Falcon cluster provides different CPU and GPU architectures. Also, there are different queues for different job priorities and limitations.
We use the following control techniques for specifying queues and resources:
- Partitions
- Quality of Service (QoS)
At present there are 3 partitions, peregrine-cpu is the default:
Partition | Job Type CPU / GPU | CPU Memory / GPU memory |
---|---|---|
peregrine-cpu | single and multi-core | 1 TB / NA |
peregrine-gpu | GPU | 1 TB / 640 GB |
kestrel-gpu | GPU | 360 GB / 288 GB |
QoS
We use QoS to classify different jobs based on limits.
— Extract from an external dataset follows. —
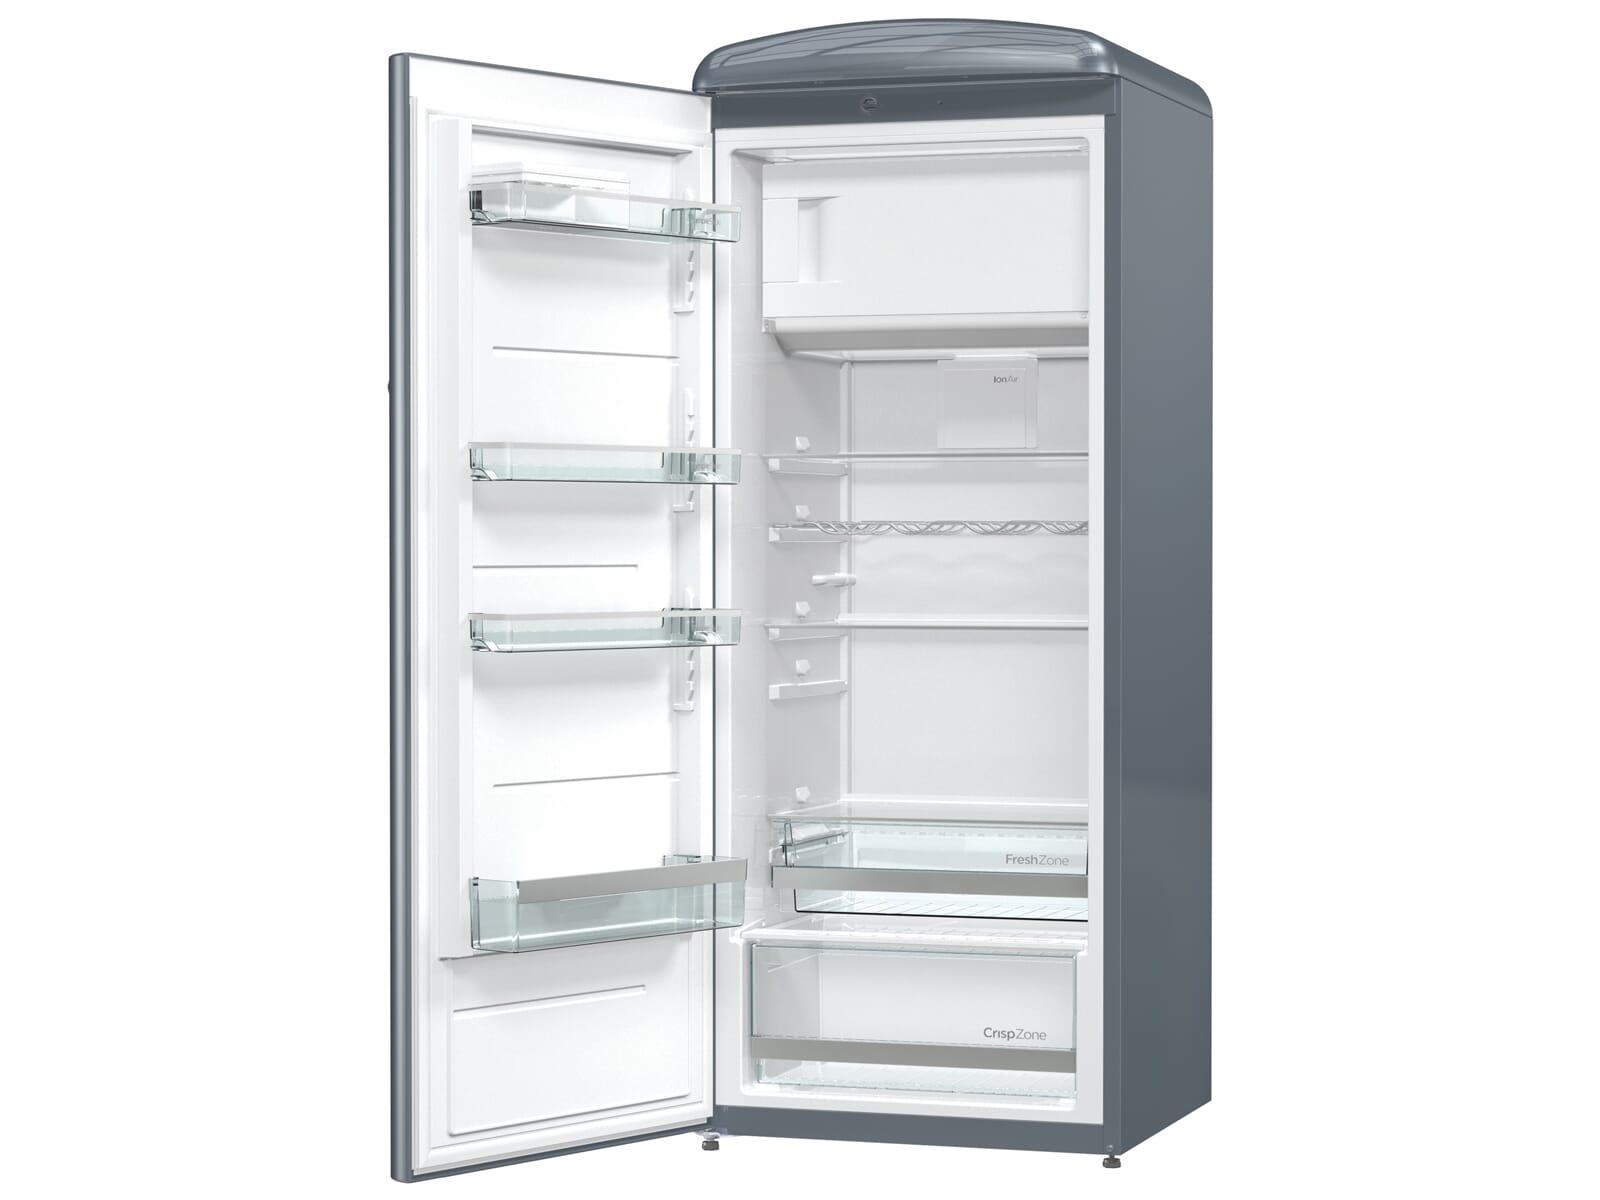 Kühlschrank Xl : Gorenje orb l standkühlschrank grau metallic

In each partition there is a default QoS (bold below). Each QoS has specific limits:
Partition | QoS | Time Limit |
---|---|---|
peregrine-cpu | cpu_debug | 30 min |
peregrine-cpu | cpu_short | 24 hours |
peregrine-cpu | cpu_medium | 3 days |
peregrine-cpu | cpu_long | 10 days |
[peregrine,kestrel]-gpu | gpu_debug | 30 min |
[peregrine,kestrel]-gpu | gpu_short | 24 hours |
[peregrine,kestrel]-gpu | gpu_medium | 3 days |
[peregrine,kestrel]-gpu | gpu_long | 10 days |